By Matthew Futterman

Reporting from Paris

A moment arrives nearly every time a younger player seizes the advantage over Novak Djokovic, with designs of toppling him from his perch at the top of tennis.

It doesn't matter how deep a hole Djokovic has dug for himself, or how well the whippersnapper on the other side of the net might be playing.

Maybe Djokovic is down by two sets, as he was against Stefanos Tsitsipas in the French Open final two years ago and against Jannik Sinner in the quarterfinals at Wimbledon last year. Perhaps Djokovic is hobbling around the court with an injury after letting his opponent draw even, as he was after four sets against Taylor Fritz at the Australian Open in 2021, when he had torn an abdominal muscle and coughed up a two-set lead.

Then the other guy begins to think he might actually be on the verge of something grand, just as Carlos Alcaraz, the 20-year-old Spanish sensation, might do on Friday at the French Open in his semifinal showdown with Djokovic, a match the sport has been yearning for since the spring of 2022.

The racket becomes a little heavier, the elbow a little tighter, as Djokovic's foes start to imagine pulling off the win. After all these years, all these matches in the deep end of a Grand Slam tournament, Djokovic, 36, can spot it from a mile away.

He doesn't have to. Djokovic, a 22-time Grand Slam champion, is within 80 feet, and he believes in his heart that everything is about to go his way.

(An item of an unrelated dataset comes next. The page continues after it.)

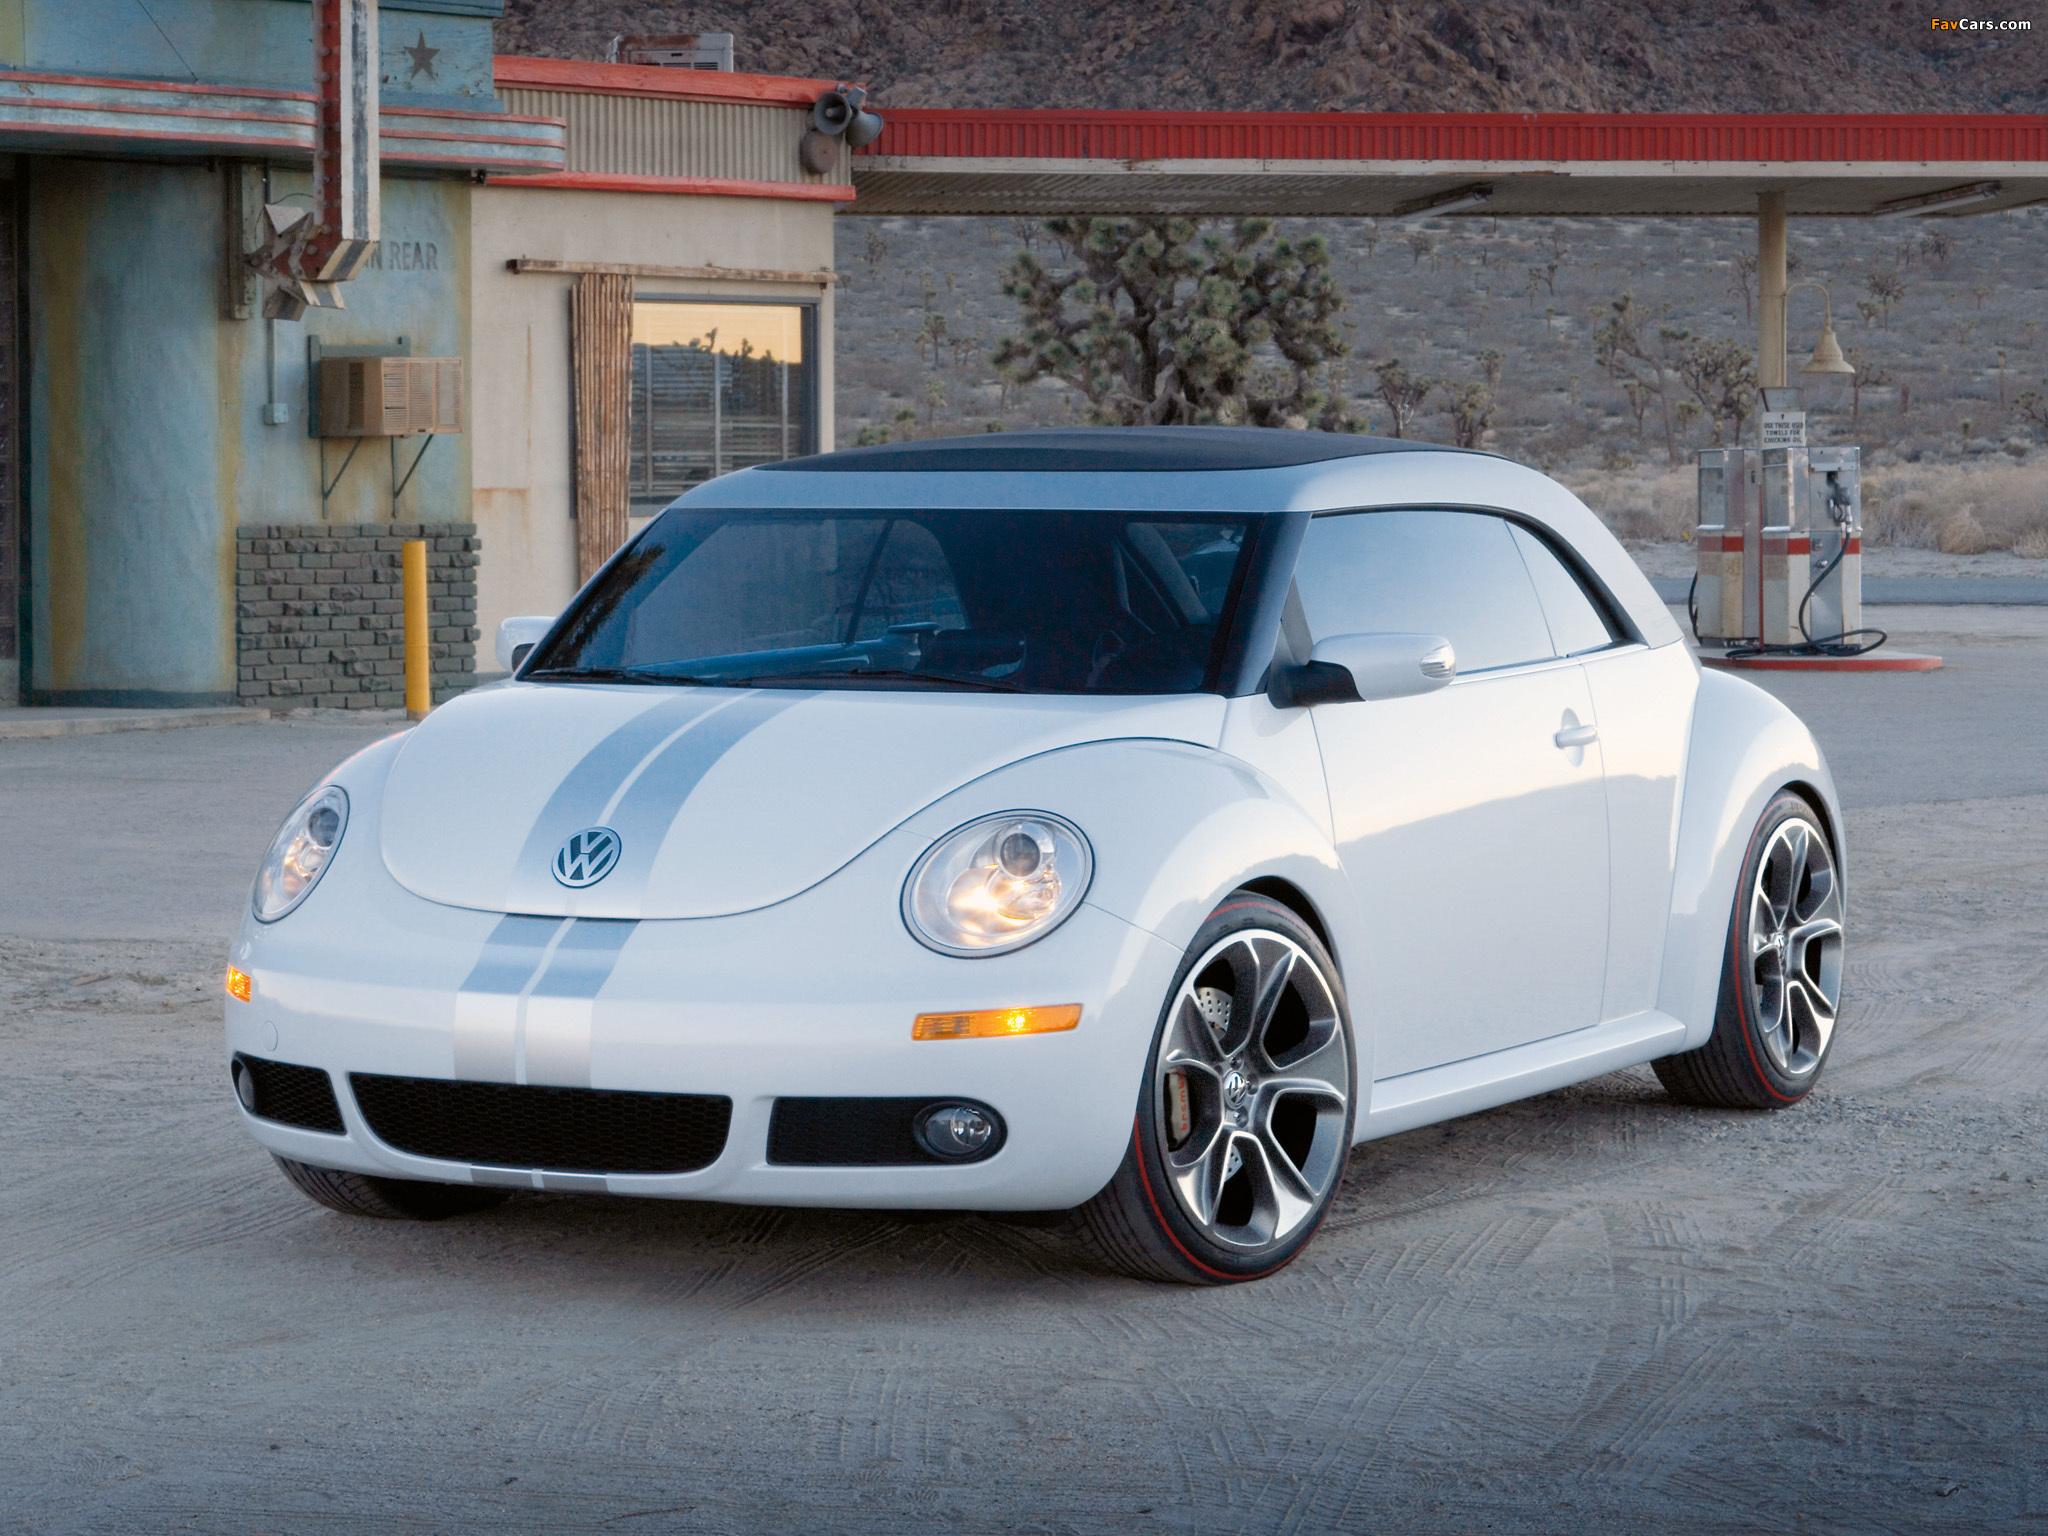 Volkswagen New Beetle Ragster Concept 2005 pictures (2048 x 1536)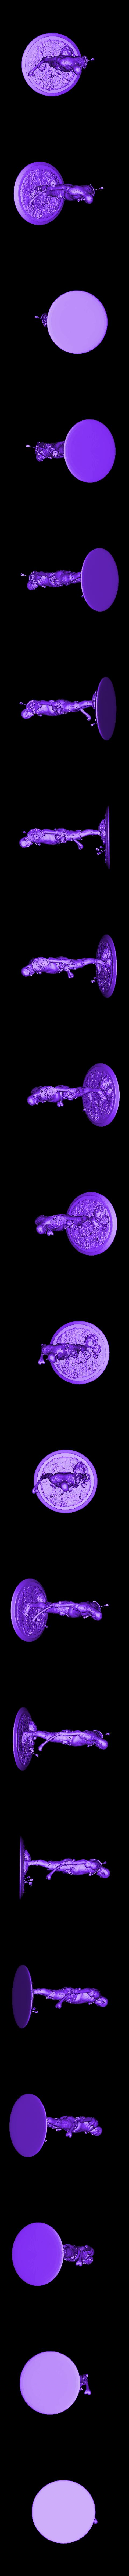 monster_repaired.stl Download free STL file Cannibal tabletop figure • 3D printing object, Boris3dStudio

It happened again on Tuesday after more than two hours of struggle against Karen Khachanov in the quarterfinals. Khachanov, the big, burly Russian with a hammer-like serve and forehand and nearly a decade less mileage on his legs, had taken the first set and forced a tiebreaker in the second. He had his opening.

Or not. A perfect, 7-0 tiebreaker drew Djokovic even. A break of serve in the first game of the next set put him ahead. Khachanov was finished.

"The energy of the court shifted to my side," Djokovic said after dispatching Khachanov.

But when Djokovic faces Alcaraz, who has taken the No. 1 ranking from him twice in the past nine months, it will be a test against youth unlike anything Djokovic has faced before. The two have played only once, in May 2022, in Madrid; Djokovic and Alcaraz kept missing each other for one reason or another in the 13 months since.

"A complete player," Lorenzo Musetti, 21, of Italy, an Alcaraz victim this week in the fourth round, said of the player he came to know on Europe's junior circuit.

Singular moments when one generation takes over from another can feel like the shifting of tectonic plates. Every so often, men's tennis delivers a torch-passing match: Pete Sampras tearing through John McEnroe at the 1990 U.S. Open; Roger Federer beating Sampras on Centre Court at Wimbledon in 2001. Is another one at hand?

Daniil Medvedev, the world's second-ranked player, and the only player currently in his 20s to beat Djokovic in a Grand Slam final, said not long ago that it is nearly impossible to beat Djokovic until you have first lost to him several times. Opponents need to get used to his shot patterns and his relentless ability to make them hit one more ball after they think they have ended the point.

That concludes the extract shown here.